(Information provided Opens)
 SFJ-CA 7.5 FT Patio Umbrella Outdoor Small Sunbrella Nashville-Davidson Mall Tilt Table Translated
(Information provided Closes)
(Information provided Opens)
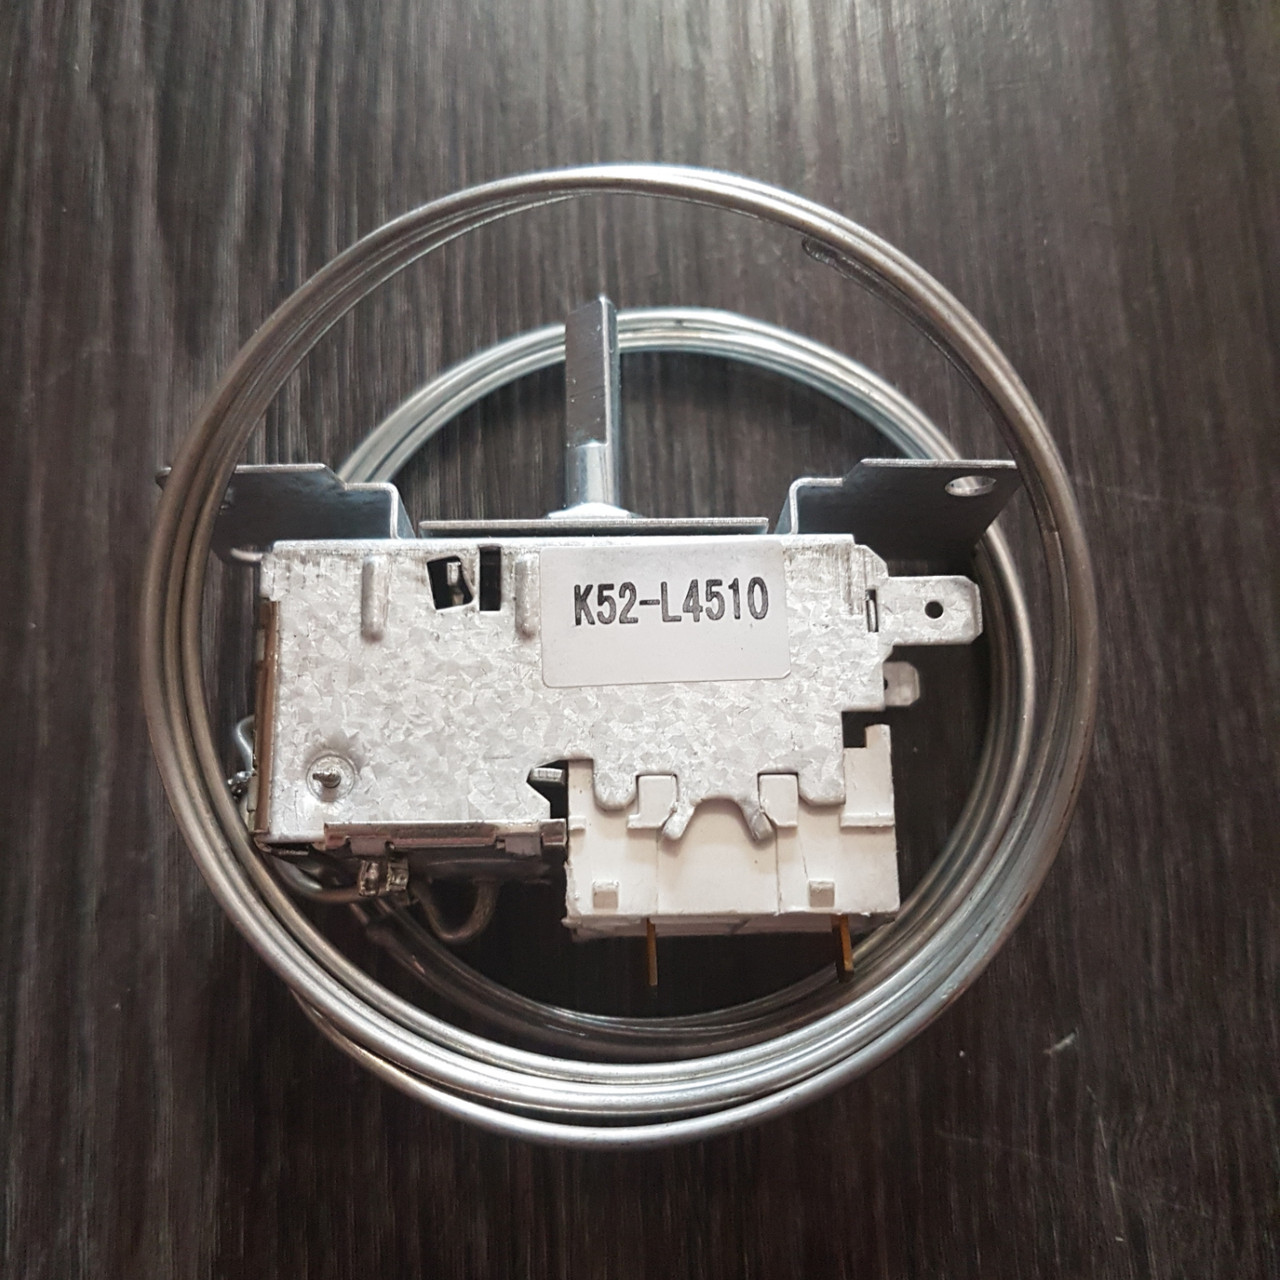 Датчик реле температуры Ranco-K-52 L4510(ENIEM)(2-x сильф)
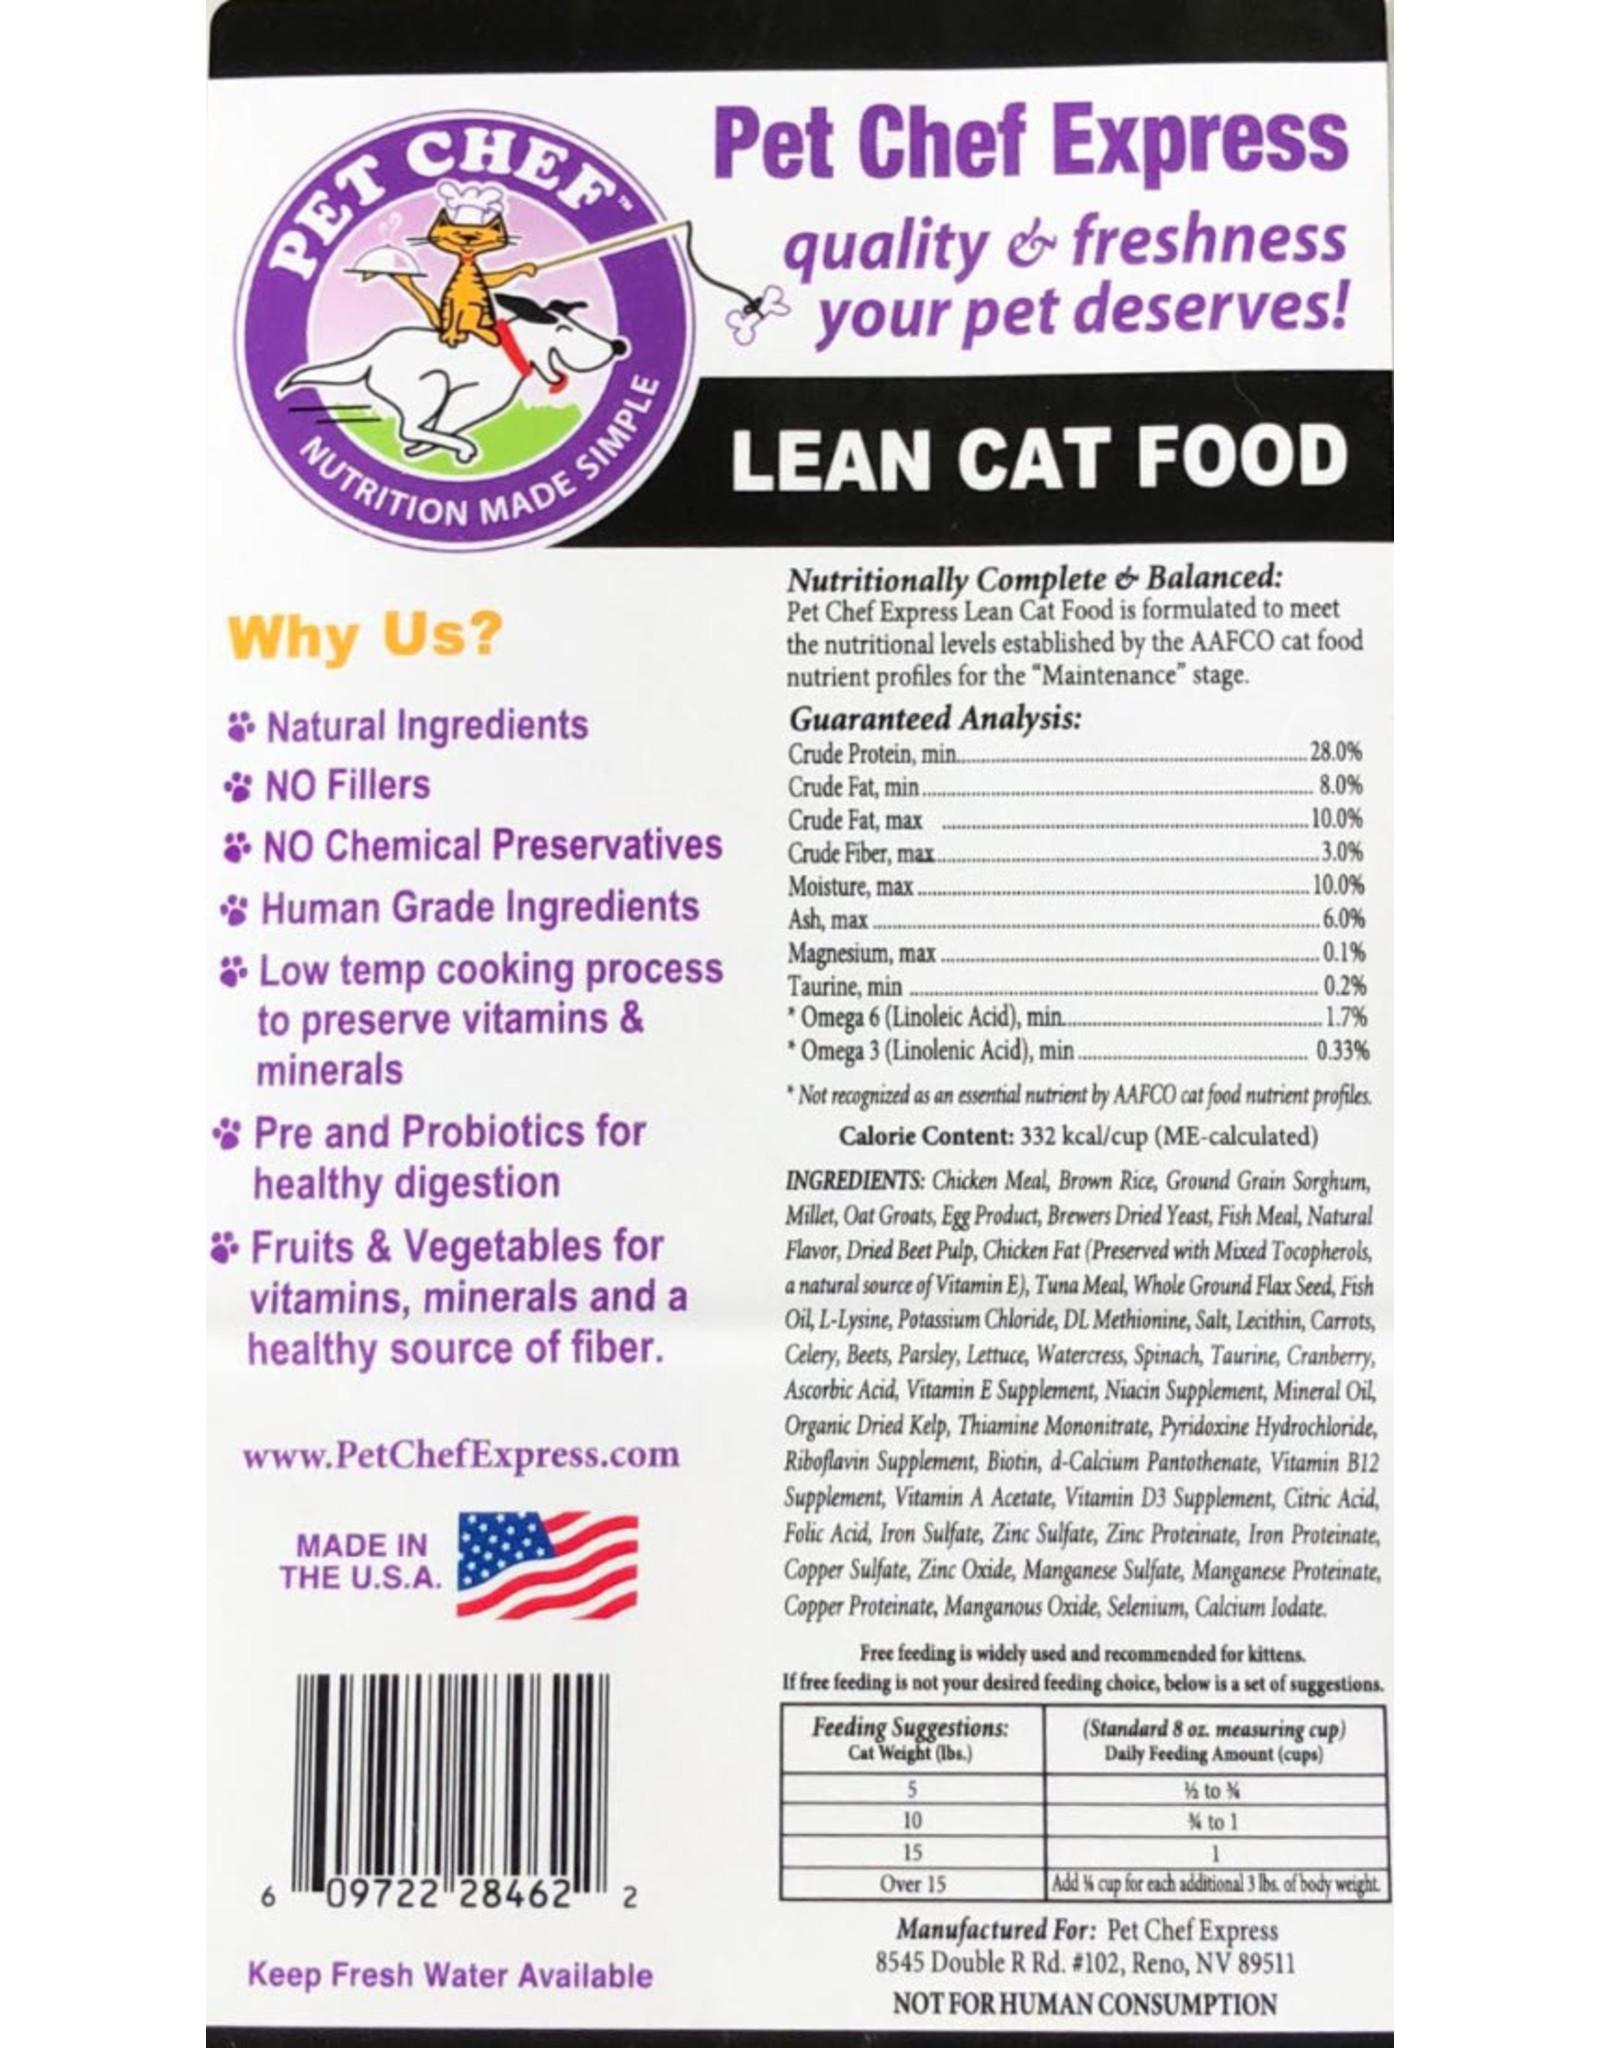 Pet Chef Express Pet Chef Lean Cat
(Information provided Closes)
## Your goal
Leave out every picture, and copy exactly the lines above starting at the one holding "Датчик реле температуры" and ending at the one holding "Pet Chef Express Pet Chef Lean Cat", no more and no less.

## Solution to this problem
 Датчик реле температуры Ranco-K-52 L4510(ENIEM)(2-x сильф)
 Pet Chef Express Pet Chef Lean Cat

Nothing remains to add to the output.